Start of Supplied data
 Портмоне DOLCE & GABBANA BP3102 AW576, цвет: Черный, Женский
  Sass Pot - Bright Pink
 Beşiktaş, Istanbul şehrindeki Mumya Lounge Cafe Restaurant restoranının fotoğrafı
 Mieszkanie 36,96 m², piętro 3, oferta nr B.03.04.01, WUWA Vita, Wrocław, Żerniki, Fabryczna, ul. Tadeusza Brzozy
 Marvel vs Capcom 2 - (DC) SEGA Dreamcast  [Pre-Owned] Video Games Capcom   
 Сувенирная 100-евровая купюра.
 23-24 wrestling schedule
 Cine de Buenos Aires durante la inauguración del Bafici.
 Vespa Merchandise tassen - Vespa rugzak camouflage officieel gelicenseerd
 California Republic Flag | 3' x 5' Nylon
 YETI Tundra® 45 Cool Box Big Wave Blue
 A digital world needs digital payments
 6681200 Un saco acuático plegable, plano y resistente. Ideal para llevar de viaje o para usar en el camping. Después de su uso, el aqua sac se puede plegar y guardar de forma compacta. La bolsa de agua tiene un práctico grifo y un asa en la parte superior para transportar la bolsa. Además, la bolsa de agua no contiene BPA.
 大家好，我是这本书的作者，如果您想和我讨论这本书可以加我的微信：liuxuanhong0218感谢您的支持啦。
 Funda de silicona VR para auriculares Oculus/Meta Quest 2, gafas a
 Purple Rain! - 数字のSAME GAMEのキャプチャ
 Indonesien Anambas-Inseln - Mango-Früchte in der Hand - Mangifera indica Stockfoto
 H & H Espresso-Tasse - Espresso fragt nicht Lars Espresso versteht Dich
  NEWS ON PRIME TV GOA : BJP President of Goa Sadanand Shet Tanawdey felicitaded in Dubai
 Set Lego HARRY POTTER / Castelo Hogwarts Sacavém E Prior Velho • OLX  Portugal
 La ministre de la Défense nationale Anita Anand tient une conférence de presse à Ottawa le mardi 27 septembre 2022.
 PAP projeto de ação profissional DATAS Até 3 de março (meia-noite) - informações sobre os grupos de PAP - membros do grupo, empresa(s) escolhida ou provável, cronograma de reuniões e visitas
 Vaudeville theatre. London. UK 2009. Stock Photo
End of Supplied data
Your assignment >>
With the line holding "Beşiktaş, Istanbul şehrindeki" as the first and the line holding "H & H Espresso-Tasse" as the last, please transcribe exactly the lines of the material above in that range and nothing else.

Expected answer >>
 Beşiktaş, Istanbul şehrindeki Mumya Lounge Cafe Restaurant restoranının fotoğrafı
 Mieszkanie 36,96 m², piętro 3, oferta nr B.03.04.01, WUWA Vita, Wrocław, Żerniki, Fabryczna, ul. Tadeusza Brzozy
 Marvel vs Capcom 2 - (DC) SEGA Dreamcast  [Pre-Owned] Video Games Capcom   
 Сувенирная 100-евровая купюра.
 23-24 wrestling schedule
 Cine de Buenos Aires durante la inauguración del Bafici.
 Vespa Merchandise tassen - Vespa rugzak camouflage officieel gelicenseerd
 California Republic Flag | 3' x 5' Nylon
 YETI Tundra® 45 Cool Box Big Wave Blue
 A digital world needs digital payments
 6681200 Un saco acuático plegable, plano y resistente. Ideal para llevar de viaje o para usar en el camping. Después de su uso, el aqua sac se puede plegar y guardar de forma compacta. La bolsa de agua tiene un práctico grifo y un asa en la parte superior para transportar la bolsa. Además, la bolsa de agua no contiene BPA.
 大家好，我是这本书的作者，如果您想和我讨论这本书可以加我的微信：liuxuanhong0218感谢您的支持啦。
 Funda de silicona VR para auriculares Oculus/Meta Quest 2, gafas a
 Purple Rain! - 数字のSAME GAMEのキャプチャ
 Indonesien Anambas-Inseln - Mango-Früchte in der Hand - Mangifera indica Stockfoto
 H & H Espresso-Tasse - Espresso fragt nicht Lars Espresso versteht Dich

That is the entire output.